The overall results are highly encouraging. Across all testimonies, we saw a mean Word Error Rate of 15.28 percent. Over 90 percent of the testimonies hit an error rate of 25 percent or lower. In the speech recognition world, anything under 20 percent is considered quite good for conversational speech.

The Errors That Are Not Actually Errors

Holocaust testimonies are unscripted and highly emotional. Survivors pause, stutter, and cry. Our human transcription guidelines prioritize verbatim accuracy. A human transcriber writes down every “um” and explicitly marks interrupted speech.

Whisper does the exact opposite. It is optimized for readability. When a survivor says, “I was, I mean, we were,” Whisper will often just output “we were.”

When we looked at the data, missing filler words and cleaned-up interruptions accounted for a massive portion of the supposed errors. Whisper systematically dropped words like “uh” (nearly 5,000 times) and “um” (over 1,100 times). The model accurately understood the speech but formatted it for a clean reading experience rather than forensic archival preservation.
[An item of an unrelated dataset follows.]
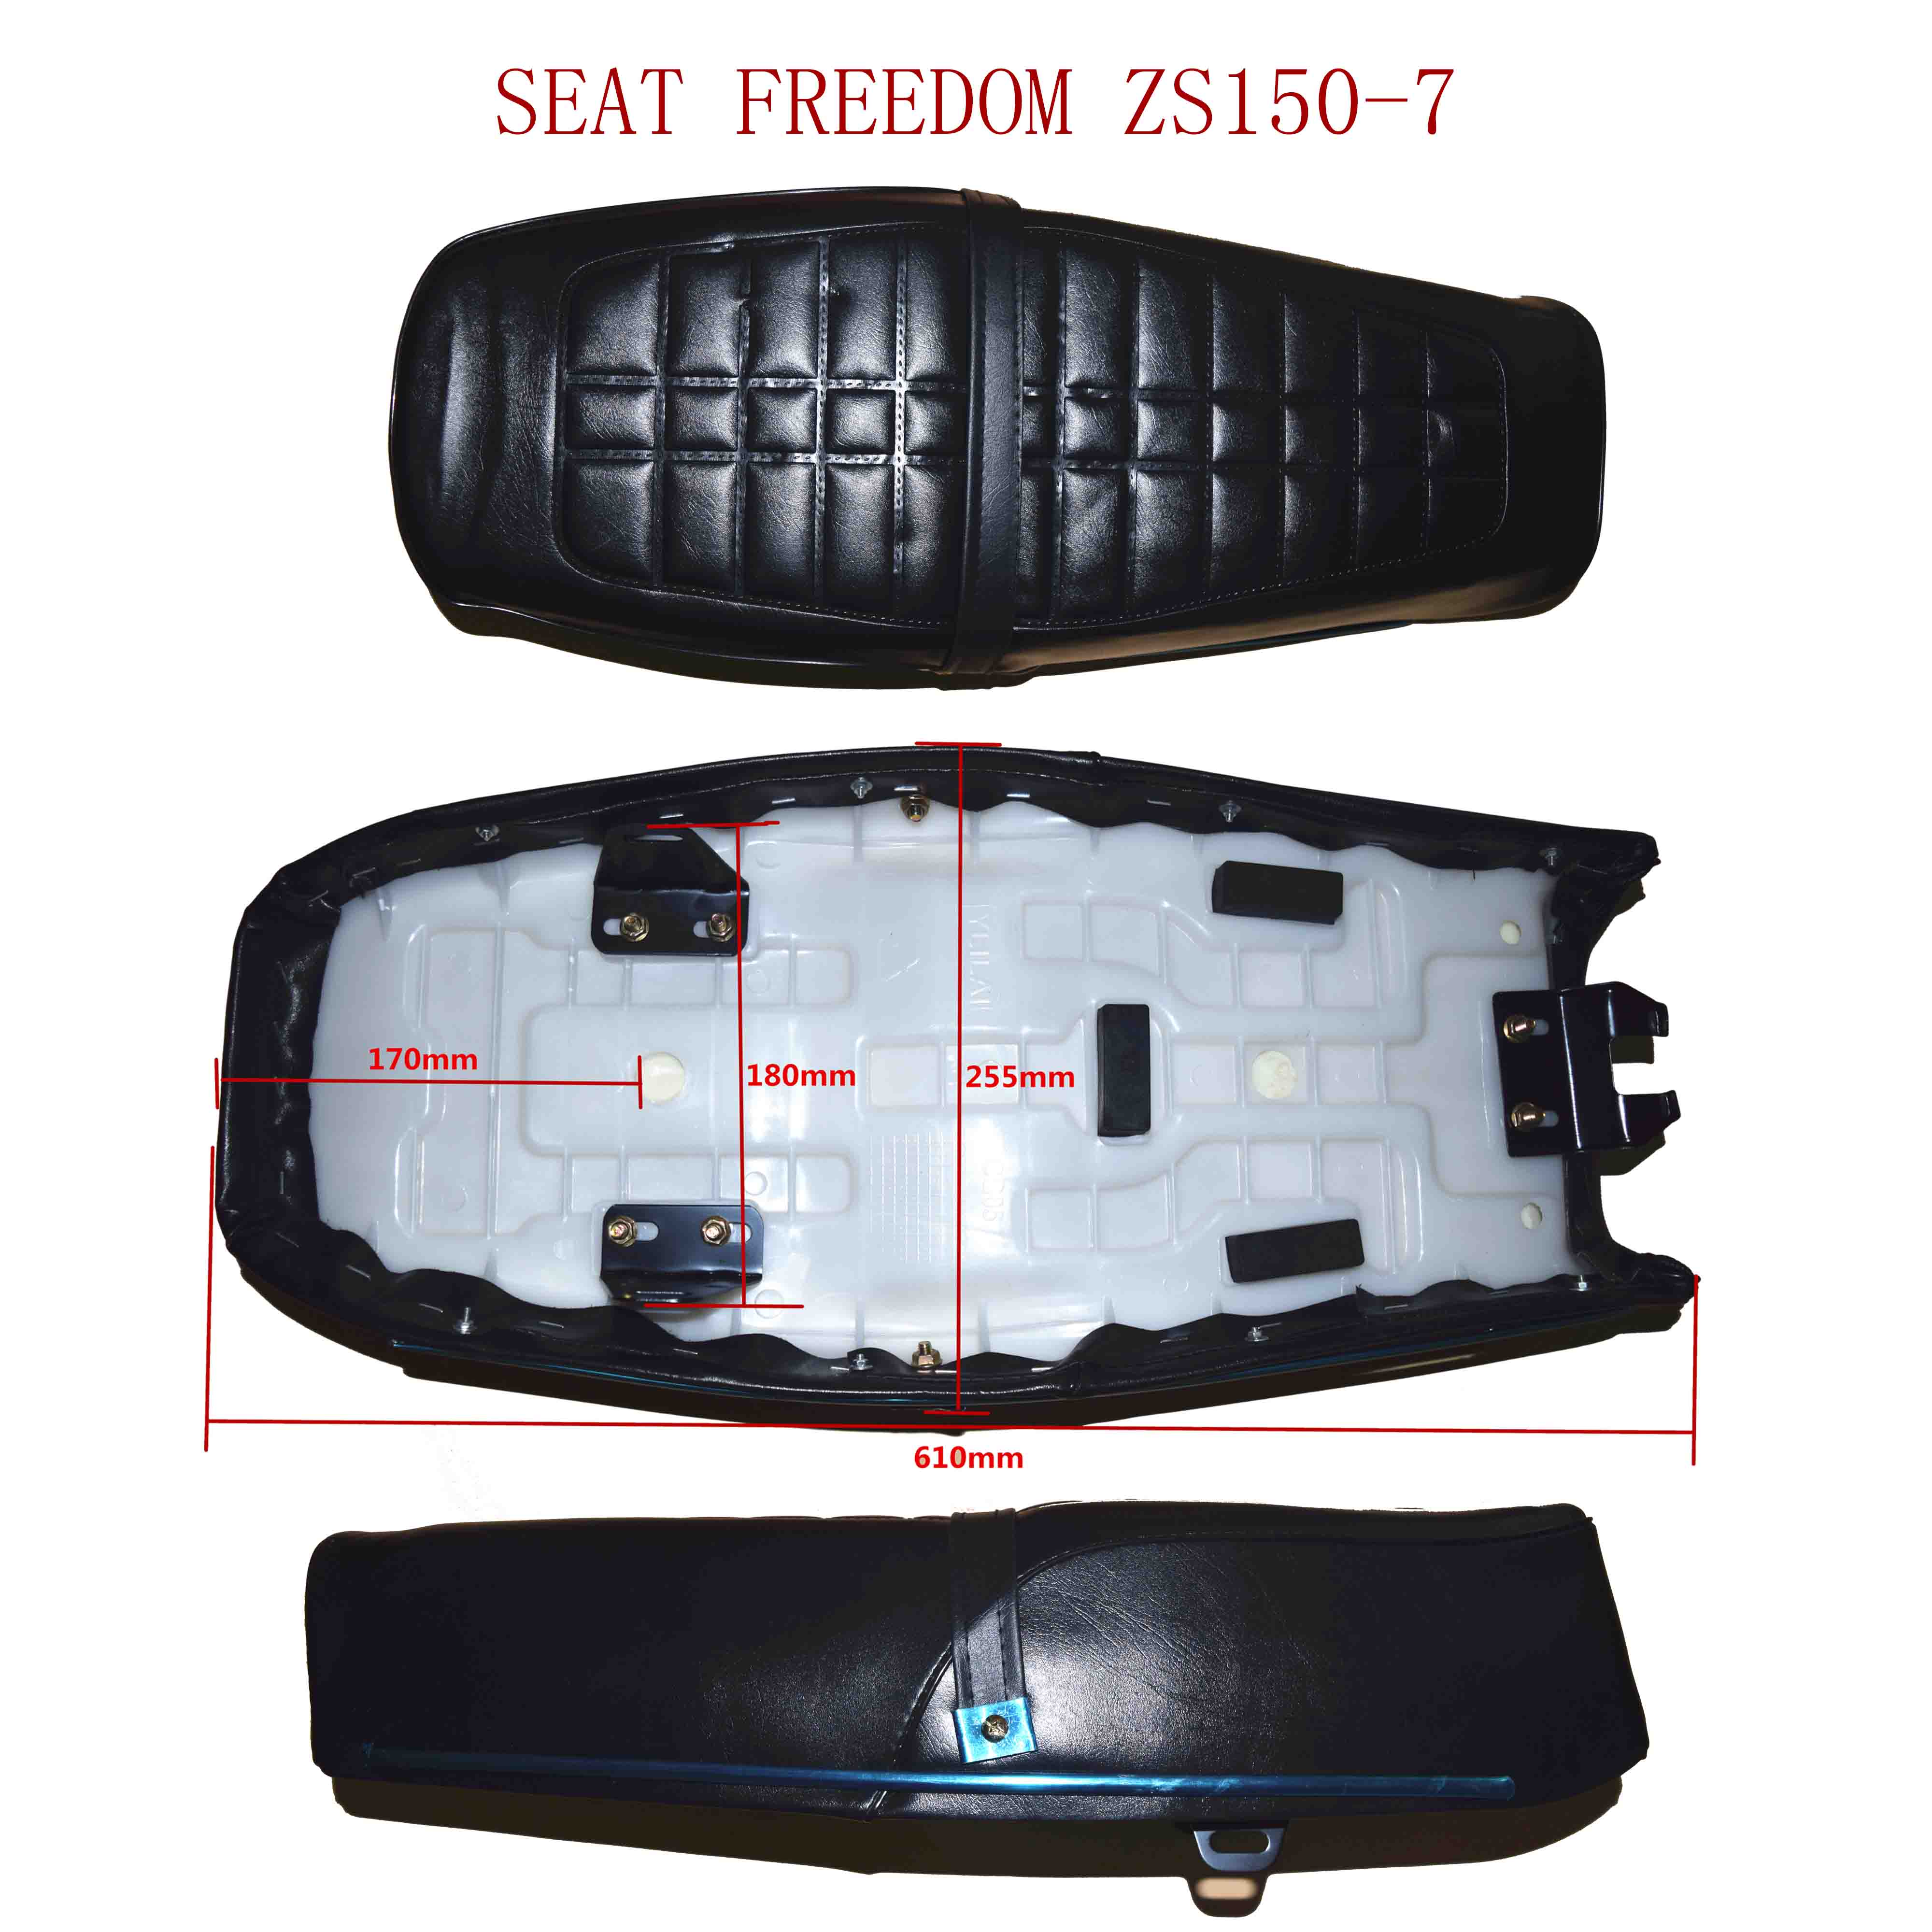 SEAT FREEDOM ZS150-7

The Ladino Problem and Orthographic Erasure

Things get complicated with heritage languages. Ladino, or Judeo-Spanish, lacks a dedicated Whisper model. We tested our Ladino testimonies using Whisper’s standard Spanish model. The error rate spiked to over 80 percent, but the audio recognition was not actually failing.

Whisper correctly recognized the spoken words but automatically normalized the text into modern Spanish spelling. For example, a Ladino speaker says “katorze” (fourteen) and Whisper outputs “catorce.” Phonetically, it is accurate. Culturally and orthographically, it erases the distinct Judeo-Spanish spelling conventions.

Specialized Models for Hebrew and Yiddish

For Hebrew and Yiddish, the base Whisper model struggles with the script and historical vocabulary. We swapped it out for specialized, fine-tuned models from the ivrit-ai project.

The Hebrew model handled historical dates, specific place names like Subotica, and natural speech patterns beautifully. The Word Error Rate dropped to a highly usable 13 percent.

Yiddish presented a different challenge. The ivrit-ai model is trained largely on modern Hasidic audio and spelling conventions. The Fortunoff Archive uses the standard YIVO spelling rules. The output from the model was semantically correct but orthographically wrong for our specific archival needs. We are currently exploring resolving this by passing the raw transcripts through Gemini 3.1 Pro, which is prompted to convert the Hasidic spelling rules into YIVO rules, which improved.

Building a Better Pipeline

Whisper is absolutely viable for large-scale oral history transcription. It can drastically cut human transcription time and serve as a highly accurate first draft. However, you cannot just point an archive at an API and expect perfect historical fidelity.

If you are working with historical audiovisual materials, you need a structured pipeline:

• Run automatic language detection first to route your audio to the correct model.
• Use fine-tuned models for heritage languages whenever they are available.
• Build post-processing scripts to restore verbatim disfluencies or correct standardized spelling conventions.

The baseline technology is incredibly capable today. It just requires domain expertise to ensure we accurately preserve the linguistic heritage embedded in these testimonies.